A Somerset Community College student is one of 16 KCTCS (Kentucky Community and Technical College System) students recognized as a KAM (Kentucky Association of Manufacturers) Rising Star.

Each of the designated Rising Star students exemplifies the importance of education in the skilled trades and the long-term success and opportunities these industries can offer Kentuckians.

Industrial Maintenance student Terry Scruggs is the Rising Star for Somerset Community College. While earning the degree at SCC is Scruggs' immediate goal, his future plans are a whole lot higher … and a whole lot faster.

"I'd like to work for a company called Boom," he says. The new business is building "a supersonic airplane … a commercial airplane that goes like 1,700 miles per hour. It's coming and that's like the next step as far technology as airlines go and, for me, it's like 'Man, I would love to be a part of that.'"

Scruggs, a 39-year-old Berea resident, says the instruction he is now receiving at SCC is providing him with the foundation he needs to become an engineer and achieve his high-flying goal.

He is one of several people from industry taking part in the college's KY FAME Advanced Manufacturing Technician program that combines college coursework with paid, on-the-job training and experience, as well as personal behavior and core manufacturing skills. The five-semester educational program allows those already employed in the industry to attend classes two days a week while continuing to work. Successful students earn an Associate in Applied Science (AAS) degree in Industrial Maintenance Technology - Advanced Manufacturing Technician Track.

"The thing I like the most about it (the program) are all the challenges they put on you as far as scholastic-type challenges because you're learning something new every day and then they're training you on it and they train you incredibly well," he says. "I like it because it's very personal (and) because I'm not a new student, I'm an old student compared to these young guys and they tease me about it."

Scruggs was on the line as a temporary employee at Toyotetsu America, Inc. (TTAI) in Somerset when fellow worker Richard Snowden encouraged him to apply for the program. Another TTAI employee, Shenoa Merritt, also promoted the training.

"I brushed it off when I first met them," Scruggs said, "but they were kind of adamant about it."

Both had recognized the worker's interest in engineering at the factory.

"I have picked up things I learned from working with maintenance guys," he said. "They would always pull me off of the line to help them figure out a problem because I enjoyed it and they liked working with me."

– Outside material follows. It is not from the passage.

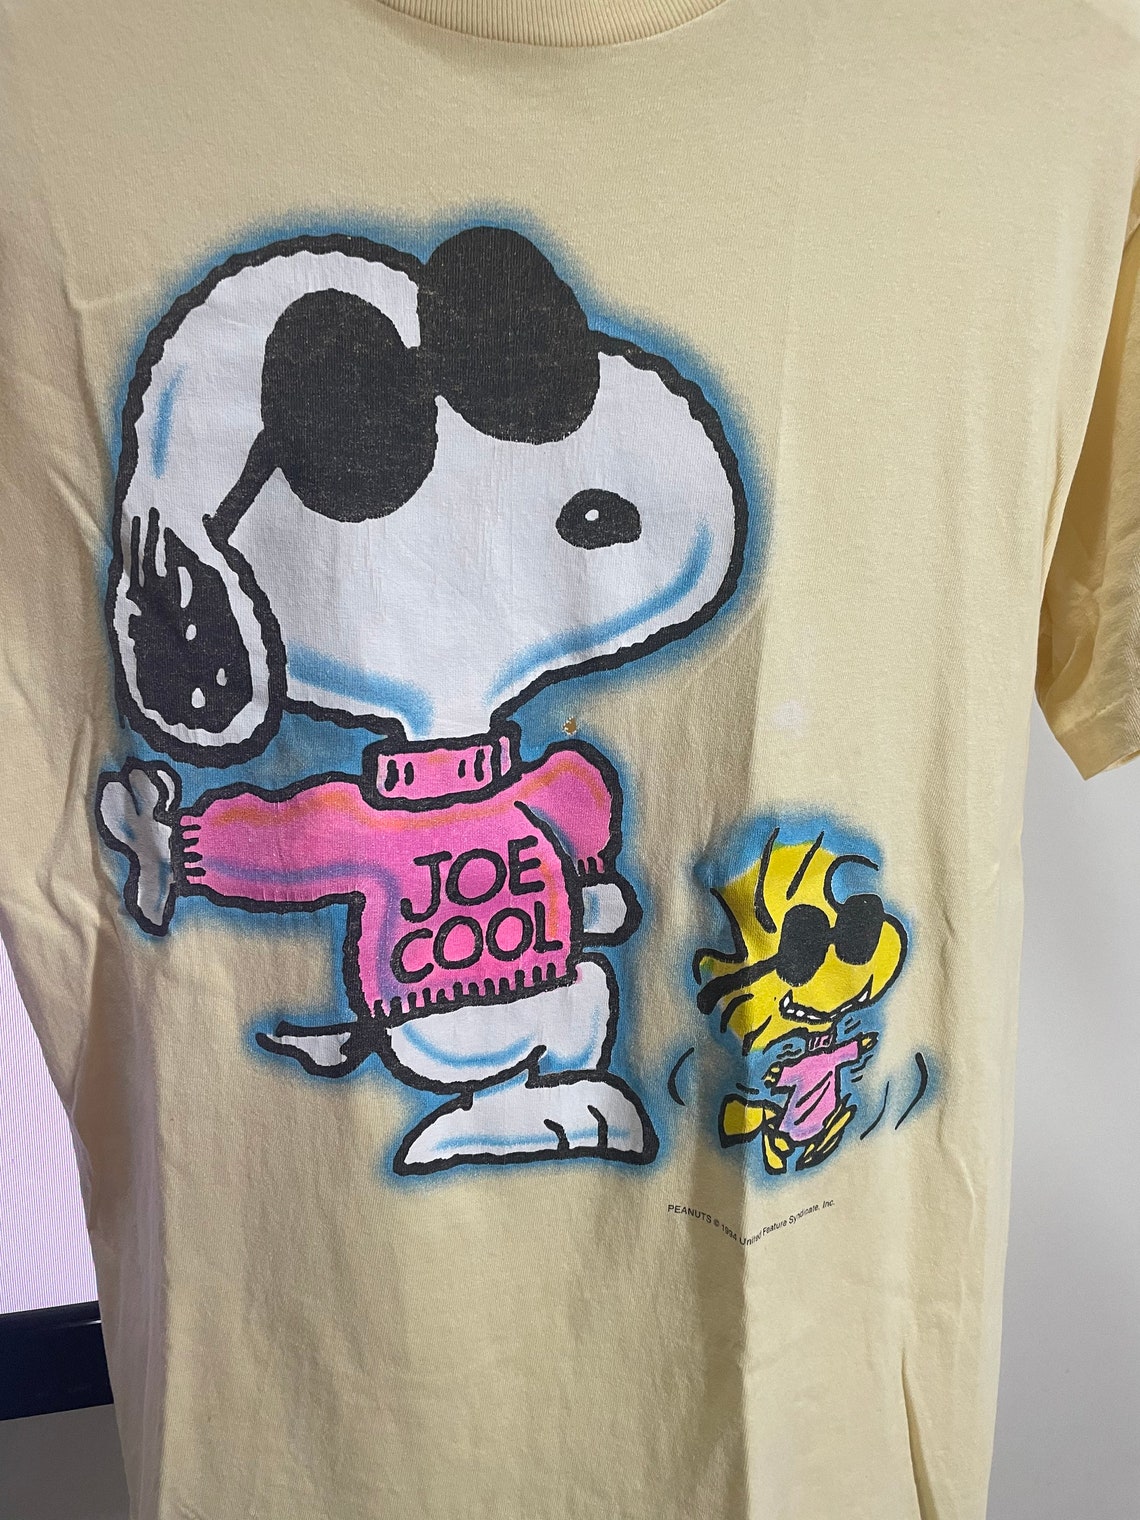 Snoopy joe cool vintage tshirt | Etsy
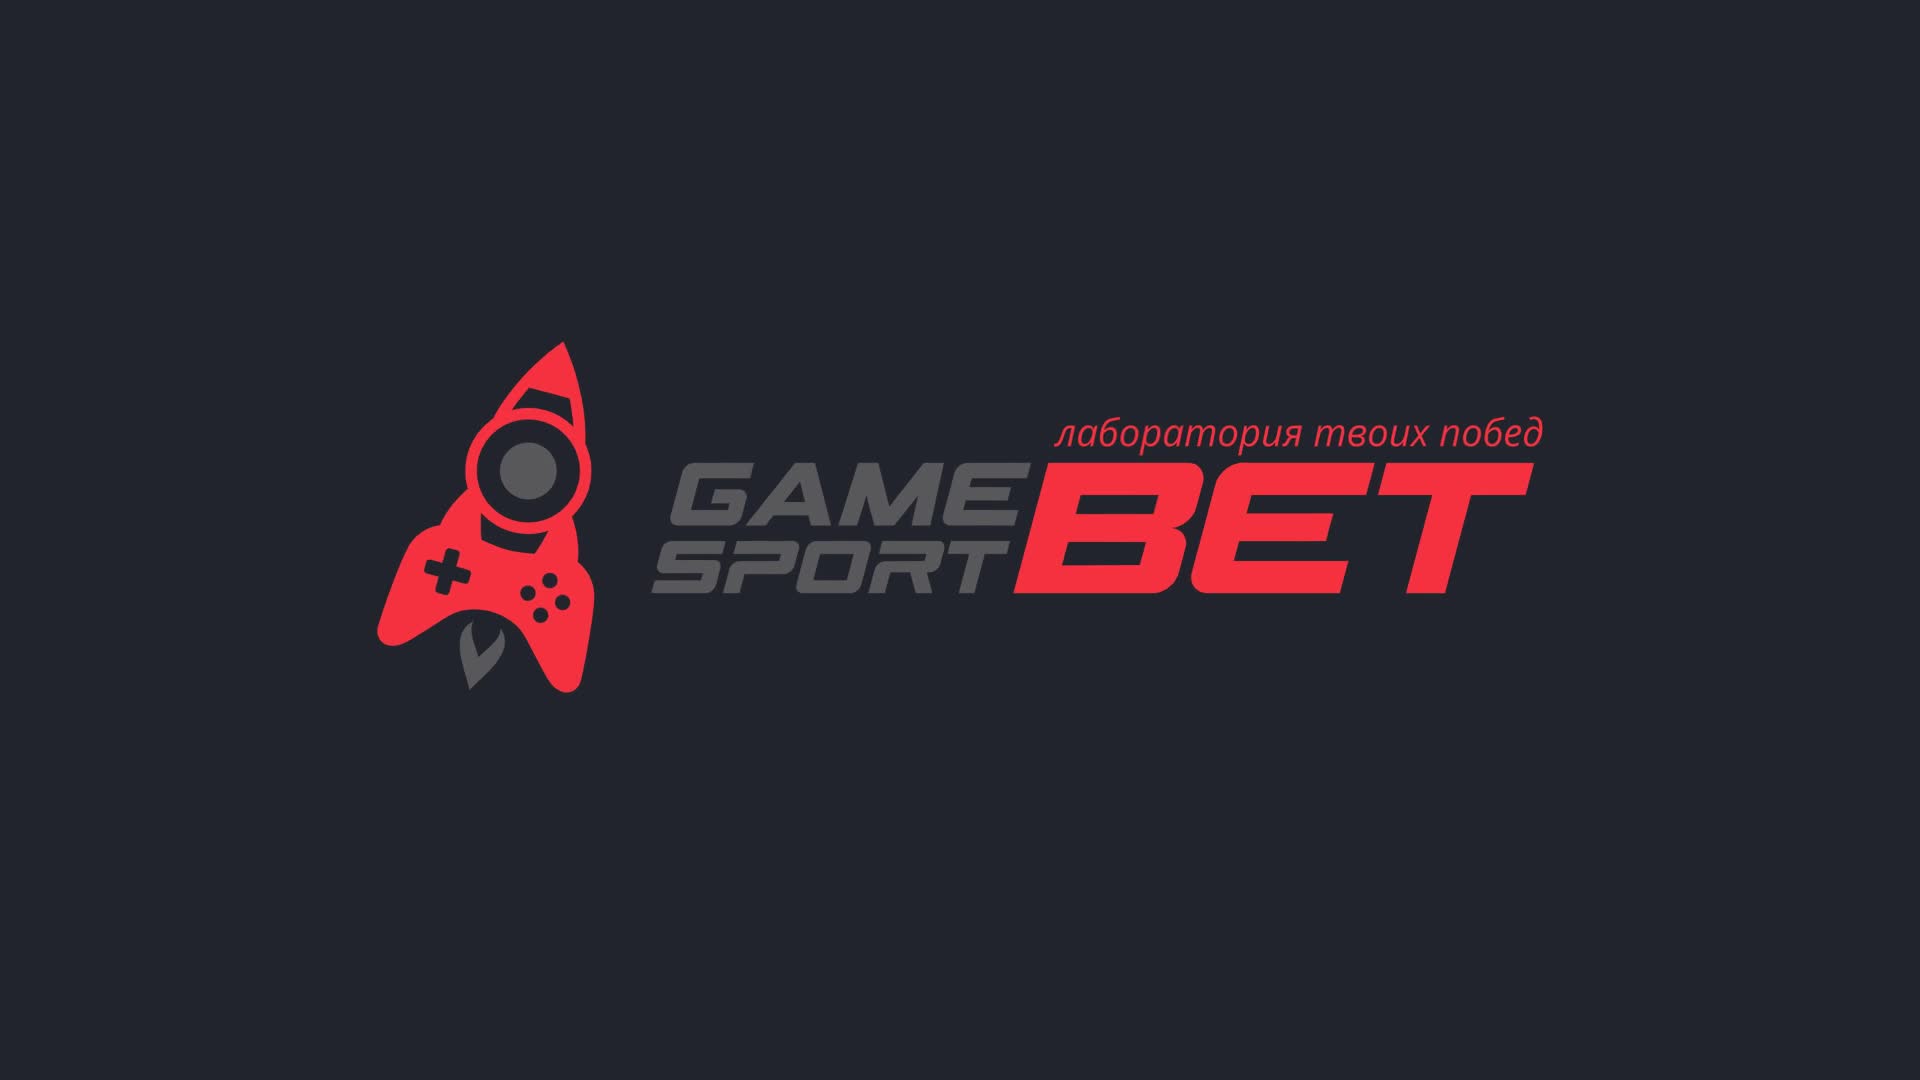 Ооо геймспорт. Gamesport логотип. Game Sport ,Бэт. Горячая линия гейм спорт.

Since applying for and being accepted into the SCC program, Scruggs has lost his sponsorship from the company but a portion of his education is being paid through Workforce Innovation and Opportunity Act (WIOA) funding.

The instruction is split between classroom and hands-on training.

"The hands-on is incredible," he said. "The instructors I've had every semester are great. (They) never get tired of my questions and I appreciate that."

SCC's program is doing "a good job teaching and things that maybe I don't have all the time to get into detail right now, I've got enough of a background and then I'm saving it so I can go back over it later, once I graduate," he said. "That's what I really appreciate to because it's stuff that I can go back over again as far as notes and videos."

Scruggs gave special praise to instructor Chris Bell, advisor Karen Plagge and SCC's Vice President of Workforce Solutions Alesa Johnson. "They've been fantastic," he said. "I couldn't ask for better people as far as recruiting and then making sure that you're on task and that you're focused on your career."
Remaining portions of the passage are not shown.